Date: Fri, 13 Jan 2006 21:45:25
Message-Id: 20060113213946.GA27890@sewage.sewage.fake
1 I keep getting hard drive errors in my kernel log/dmesg that have me
2 worried. From /var/log/kernel/current:
3
4 Jan 13 11:42:31 [kernel] hda: dma_intr: status=0x59 { DriveReady SeekComplete DataRequest Error }
5 - Last output repeated 7 times -
6 Jan 13 11:42:39 [kernel] hda: dma_intr: error=0x40 { UncorrectableError }, LBAsect=206696214, high=12, low=5369622, sector=206695927
7 Jan 13 11:42:39 [kernel] ide: failed opcode was: unknown
8 Jan 13 11:42:40 [kernel] hda: dma_intr: status=0x59 { DriveReady SeekComplete DataRequest Error }
9
10
11 The drive is a 160 GB PATA Samsung. It's about two or three years
12 old, running 24x7 (although lightly). The drive has three
13 partitions, all are ext3.
14
15 When I started seeing the above messages, I ran
16
17 fsck.ext3 -f -v -c -c /dev/hda?
18
19 on all three partitions. Note that the "-c" flag includes the bad
20 blocks check.
21
22 I also ran
23
24 smartctl -t long /dev/hda
25
26 On the drive. Apparently, an error was found (details below). I'm
27 not sure if this drive is actually dying, though, as the following
28 article (by the smartmontools author) suggests that one or two
29 errors on a drive is nothing to worry about. Also, the SMART
30 overall-health self-assessment test comes back as PASSED.
31
32 http://www.linuxjournal.com/article/6983
33
34 But the constant kernel messages, along with the error in the "long"

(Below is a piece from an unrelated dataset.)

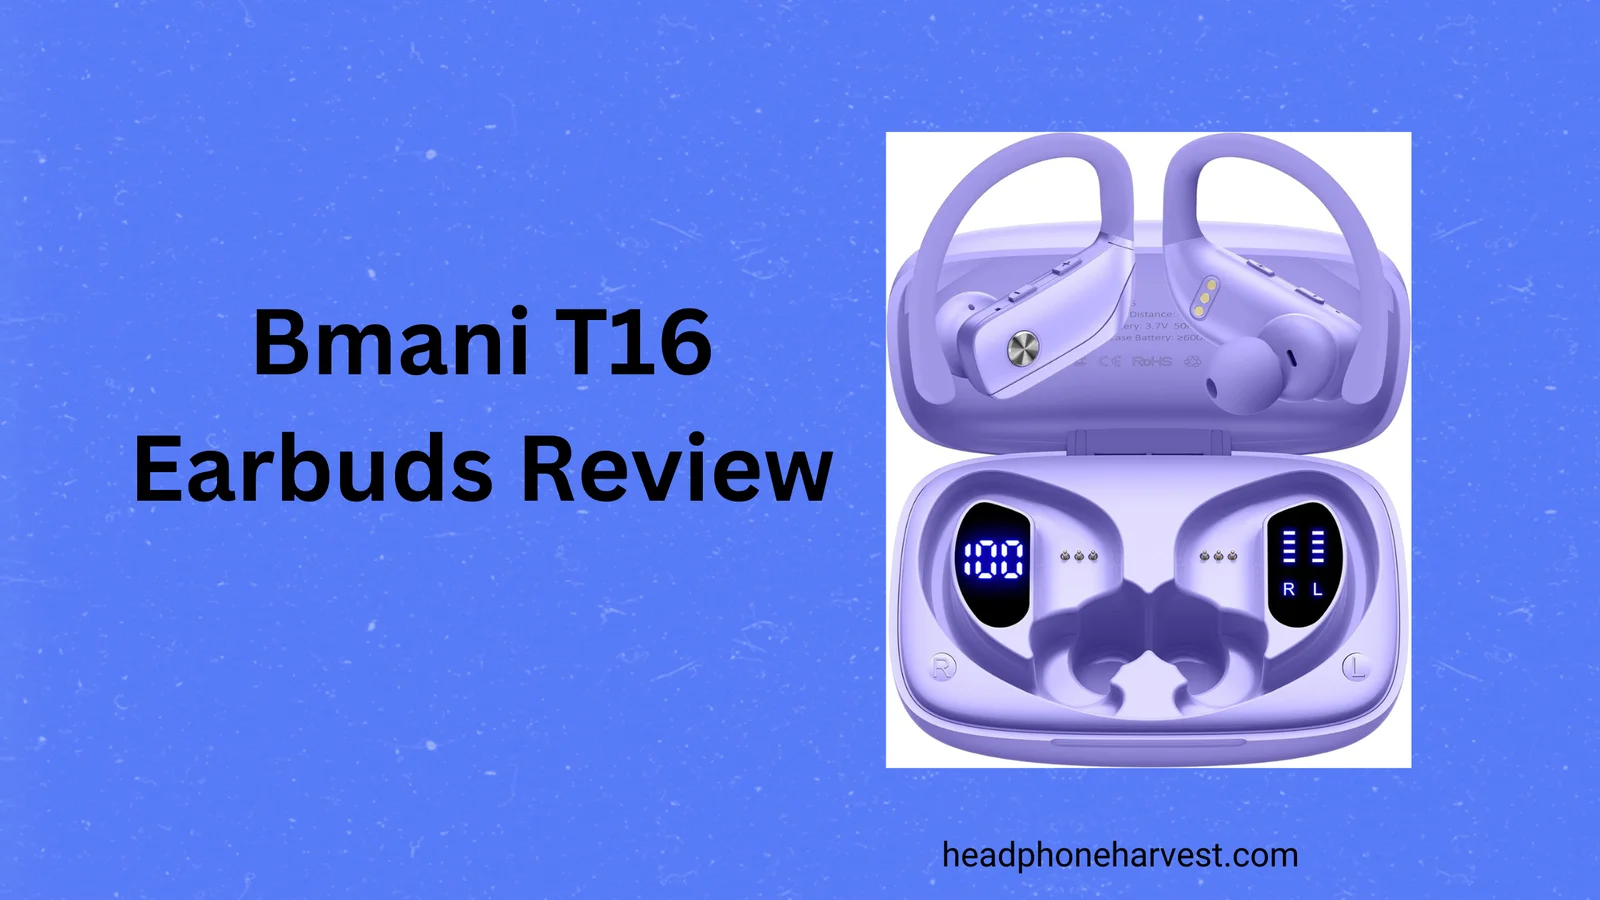 Bmani T16 Earbuds Review

35 SMART test, concern me. At this point, I'm not really sure what my
36 next steps should be, so I'm looking for any suggestions or advice.
37
38 Thanks!
39 Matt
40
41
42
43 # smartctl -a /dev/hda
44
45 smartctl version 5.33 [i686-pc-linux-gnu] Copyright (C) 2002-4 Bruce Allen
46 Home page is http://smartmontools.sourceforge.net/
47
48 === START OF INFORMATION SECTION ===
49 Device Model: SAMSUNG SP1614N
50 Serial Number: 0642J1FW903226
51 Firmware Version: TM100-24
52 User Capacity: 160,041,885,696 bytes
53 Device is: In smartctl database [for details use: -P show]
54 ATA Version is: 7
55 ATA Standard is: ATA/ATAPI-7 T13 1532D revision 0
56 Local Time is: Fri Jan 13 15:24:27 2006 CST
57 SMART support is: Available - device has SMART capability.
58 SMART support is: Enabled
59
60 === START OF READ SMART DATA SECTION ===
61 SMART overall-health self-assessment test result: PASSED
62
63 General SMART Values:
64 Offline data collection status: (0x00) Offline data collection activity
65 was never started.
66 Auto Offline Data Collection: Disabled.
67 Self-test execution status: ( 245) Self-test routine in progress...
68 50% of test remaining.
69 Total time to complete Offline
70 data collection: (5760) seconds.
71 Offline data collection
72 capabilities: (0x1b) SMART execute Offline immediate.
73 Auto Offline data collection on/off support.
74 Suspend Offline collection upon new
75 command.
76 Offline surface scan supported.
77 Self-test supported.
78 No Conveyance Self-test supported.
79 No Selective Self-test supported.
80 SMART capabilities: (0x0003) Saves SMART data before entering
81 power-saving mode.
82 Supports SMART auto save timer.
83 Error logging capability: (0x01) Error logging supported.
84 No General Purpose Logging support.
85 Short self-test routine
86 recommended polling time: ( 1) minutes.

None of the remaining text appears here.